Ausnahmefall nicht gegeben

Anders als der Beklagte konnte das Landgericht vorliegend keinen solchen Ausnahmefall erkennen. Es könne eben nicht unterstellt werden, dass die Abholung durch den Kunden für diesen stets eine besondere Unannehmlichkeit darstelle, heißt es im Urteil. Insbesondere wegen der zentralen Lage seiner Apotheke in der Innenstadt werde es zahlreiche Kunden geben, die nicht extra wegen der Abholung des Medikaments, sondern bereits aus anderen Gründen wieder an der Apotheke vorbeikommen. Sie könnten die Selbstabholung gar aus freien Stücken einer Lieferung vorziehen. Zudem: Dass ein Arzneimittel in Apotheken nicht stets vorrätig ist, stelle sich als "durchaus üblicher Sachverhalt und nicht als besondere Unannehmlichkeit dar". Auch verstoße die Marketingaktion gegen den Sinn und Zweck der Preisbindungsvorschriften: Sie stelle Kunden vor die Frage, warum sie die nötigen Arzneimittel in einer anderen Apotheke kaufen sollten, wenn sie in der Apotheke des Beklagten die Aussicht auf einen 10-Euro-Gutschein haben. "Dies läuft dem Gesetzeszweck der Verhinderung eines Preiskampfes zuwider und führt zu einem unerwünschten Verdrängungswettbewerb", so die Richter.

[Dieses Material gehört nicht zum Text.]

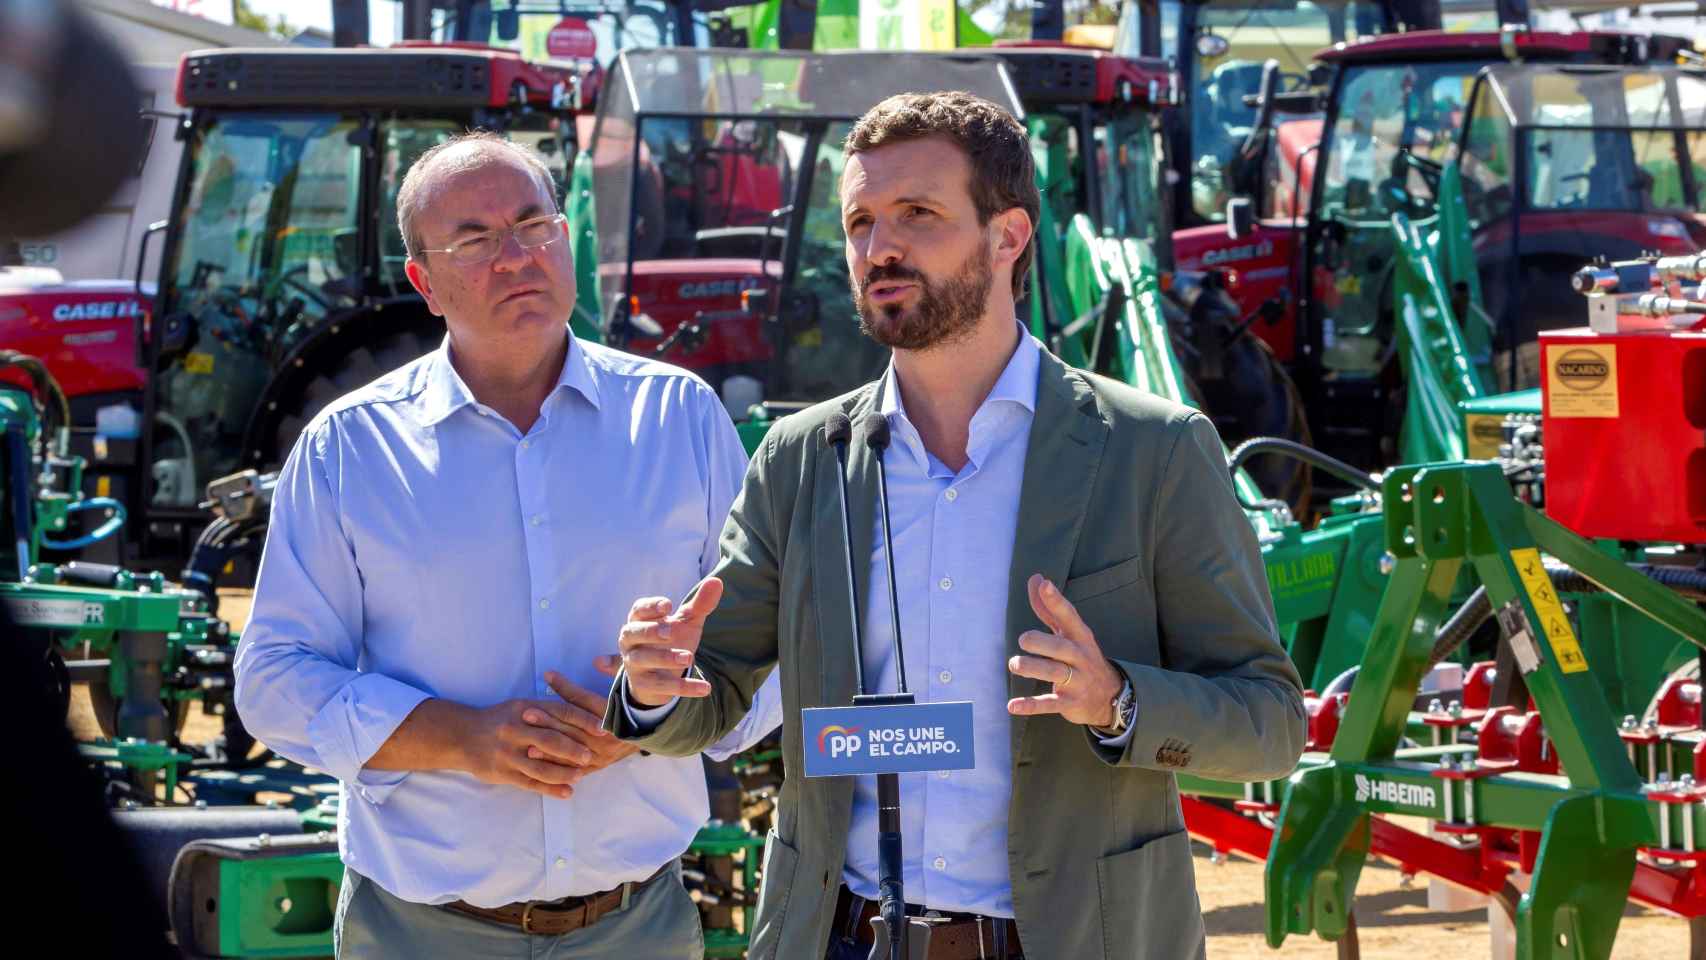 El líder del PP, Pablo Casado, interviene en presencia del líder del PP de Extremadura, José Antonio Monago, durante su visita a la Feria Internacional Ganadera de Zafra (Badajoz).

Die hier einschlägigen preisrechtlichen Bestimmungen seien auch Marktverhaltensregelungen im Sinne des Gesetzes gegen den unlauteren Wettbewerb – ein Unterlassungsanspruch sei damit gegeben. Ausnahmetatbestände griffen nicht ein, insbesondere handele es sich nicht um eine "geringwertige Kleinigkeit".